Last week I showed a peculiar XML Signature that validates even though the containing document was changed. The reason is that the signature lacks References. Before explaining what’s wrong with the signature, and with the validation code, we’ll have a look at how XML Signatures work.
XML DSig Primer
XML in general is a powerful beast, with so many options available that it quickly gets really complex. The XML Digital Signatures standard is no exception to that. The extra
complexity of XML DSig compared to other signature standards is that one or more different blocks of data can be signed by the same signature block. That data can be the containing XML Document, part of an XML document, or some other resource such as a web page. In this post we’ll only look at signing resources in the document containing the signature.
Consider a simple XML document.
Adding a signature to it can be done in two ways:
- An Enveloped Signature is a signature that is inserted into the data that is signed.
- An Enveloping Signature is a signature that is sitting side-by-side with the data that is signed.

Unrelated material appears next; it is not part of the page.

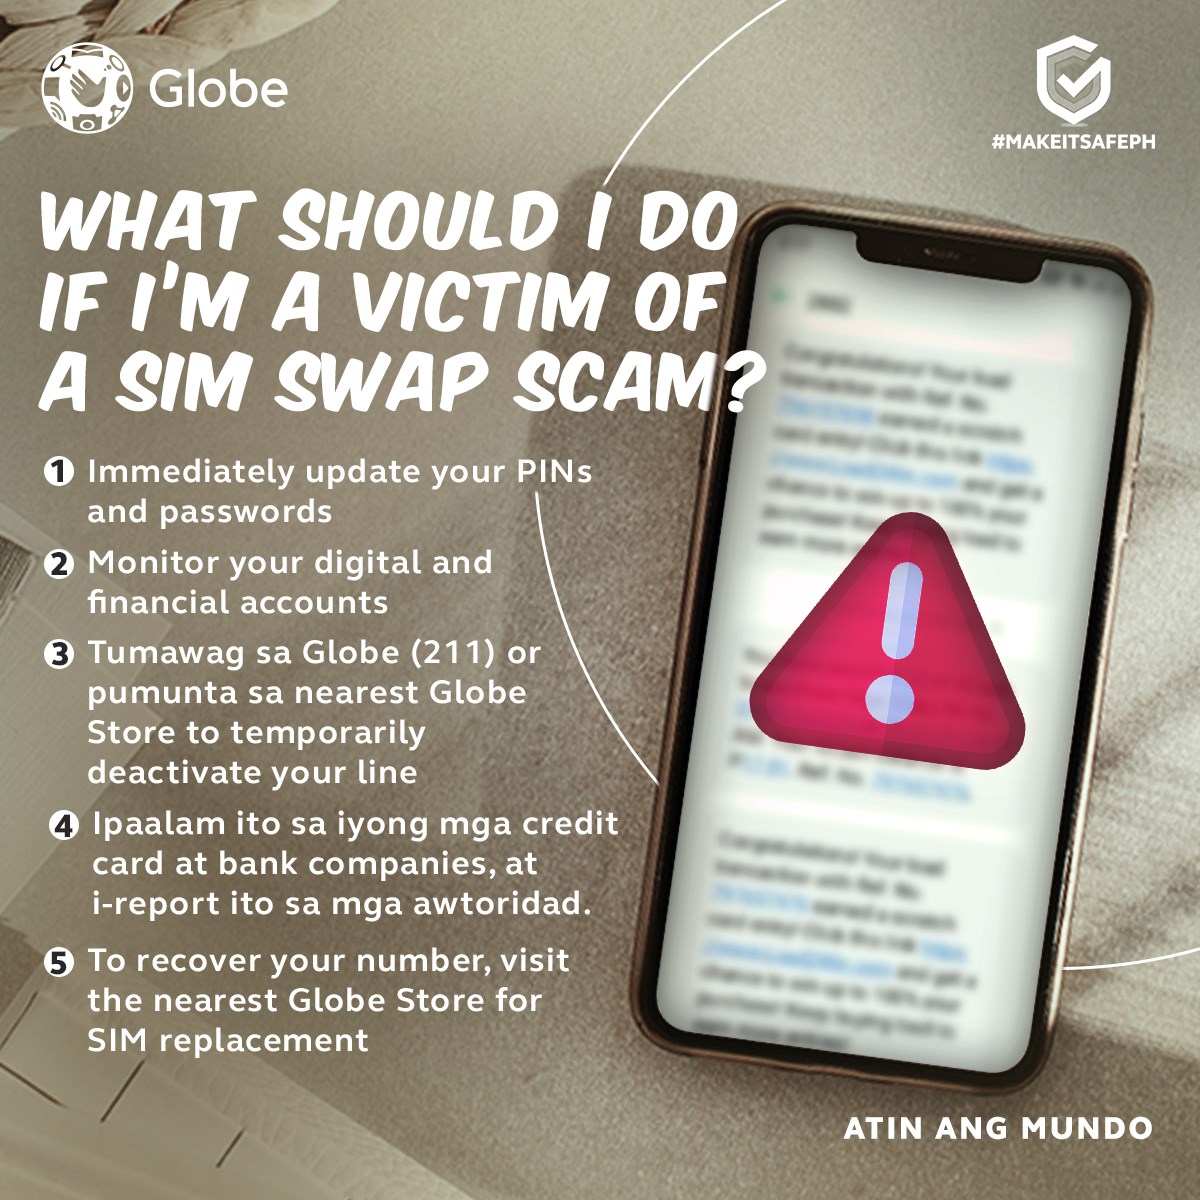 SIM Swap Scam

Either way, a signature contains one or more references that identifies the element signed and a hash of the element’s contents. I’ve added a signature to the above element, containing two references.
The first reference has
URI="yellow". This is an enveloped signature as the signature element is stored within the data that has been signed. The actual signature is excluded when calculating the hash.
The second reference has
URI="green". This is an enveloping signature. It signs an element that is side-by-side by the signature.
Although this document contains a signature, which is valid, only part of the document is protected. The black section can be altered without the signature detecting it or new elements can be added as siblings to the
<colour> elements. This is what makes XML signature so
dangerous. It is not enough to validate an XML signature. The references must be checked too, to ensure that it’s the right data that has been signed. And that brings us to the answer to the XML signature in my previous post. That signature contains no references, so it doesn’t sign any data at all! Creating such a signature is normally not allowed in the .NET framework. To create it I used an old unit test that uses shims to avoid the check for references.

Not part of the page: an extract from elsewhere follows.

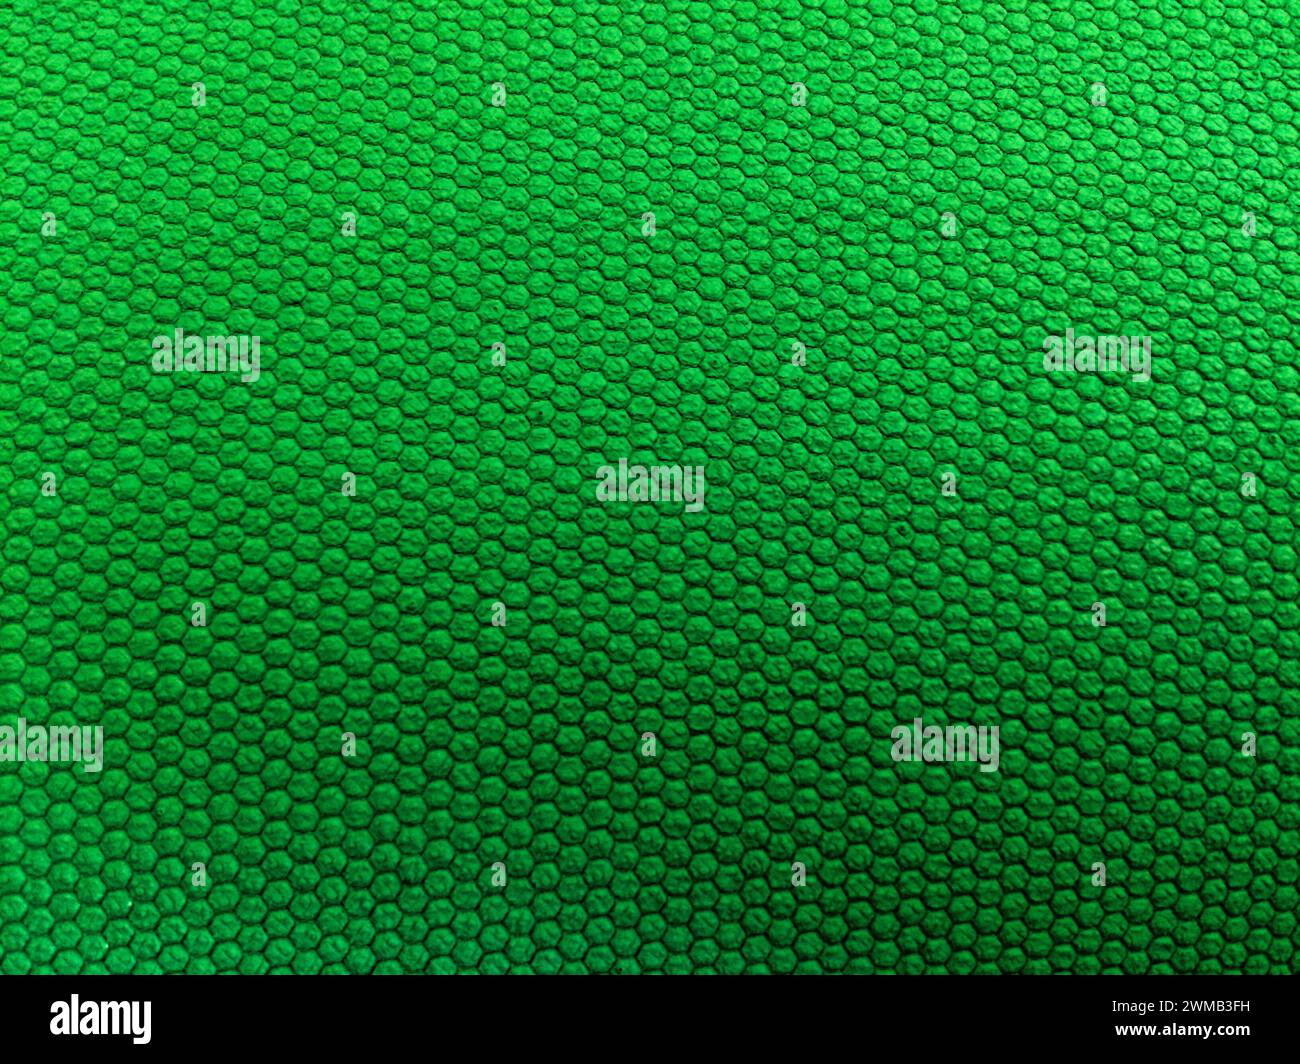 L'immagine mostra una superficie a trama verde con piccoli cerchi uniformi in rilievo. Foto Stock

Always Check References and the Key
Did I mention that the references of an XML signature must always be checked? I hope so, because that is the most common mistake of XML signature validation. It is so common, that just about every well known SAML2 implementation was hacked through it a few years ago (OWASP has an overview slide deck about it).

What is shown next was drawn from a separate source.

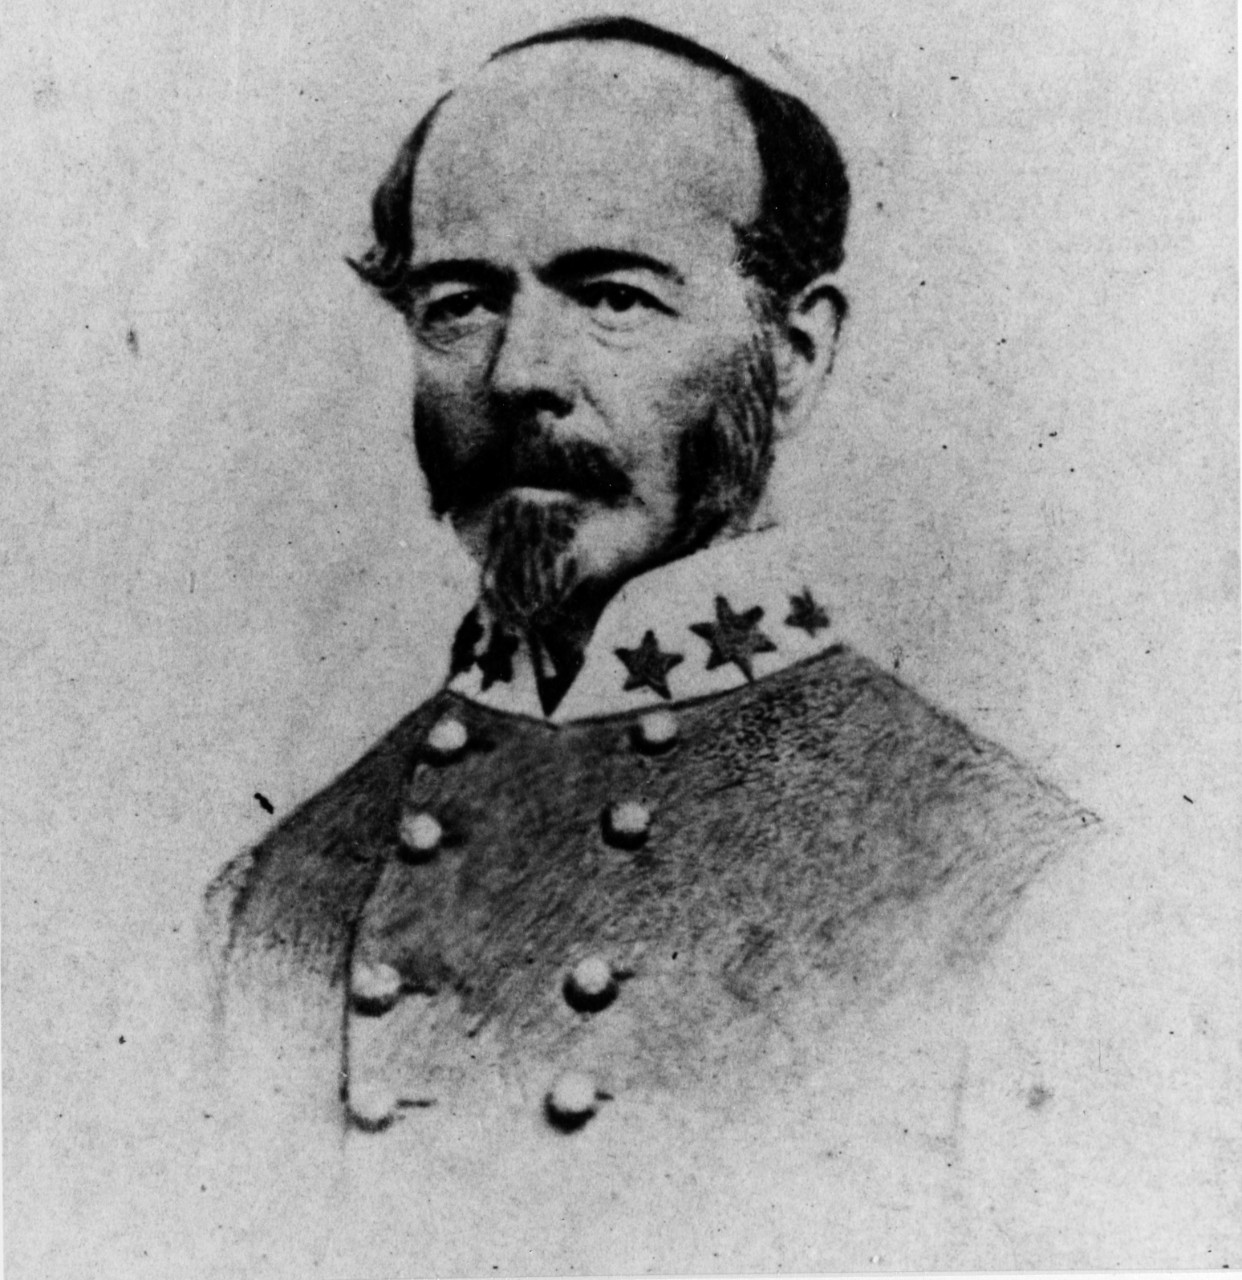 Lieutenant General Joseph E. Johnston, CSA

The second thing besides checking the references (I did mention that, didn’t I?) is that the key must be checked. The most simple overloaed of
SignedXml.CheckSignature() with no arguments just checks that the data is signed by a certificate that is trusted by operating system. The signature in my previous post will validate because I signed it with a certificate of mine issued by a trusted root. To be sure that the data actually came from the real sender, the information about the key must be checked. Or even better, the expected key should be supplied as an argument to
SignedXml.CheckSignature() to bypass the entire certificate storage.
The Complete Signature
In the image I excluded some parts of the XML signature for brevity. Here is the complete one, that can be validated. Please note that it is signed by an RSA Key, with the key values included in the signature. The only thing proven by this signature is that the creator of the signature is a holder of the private key. But there is no identity information on the holder of the key attached. So the signature is actually quite worthless.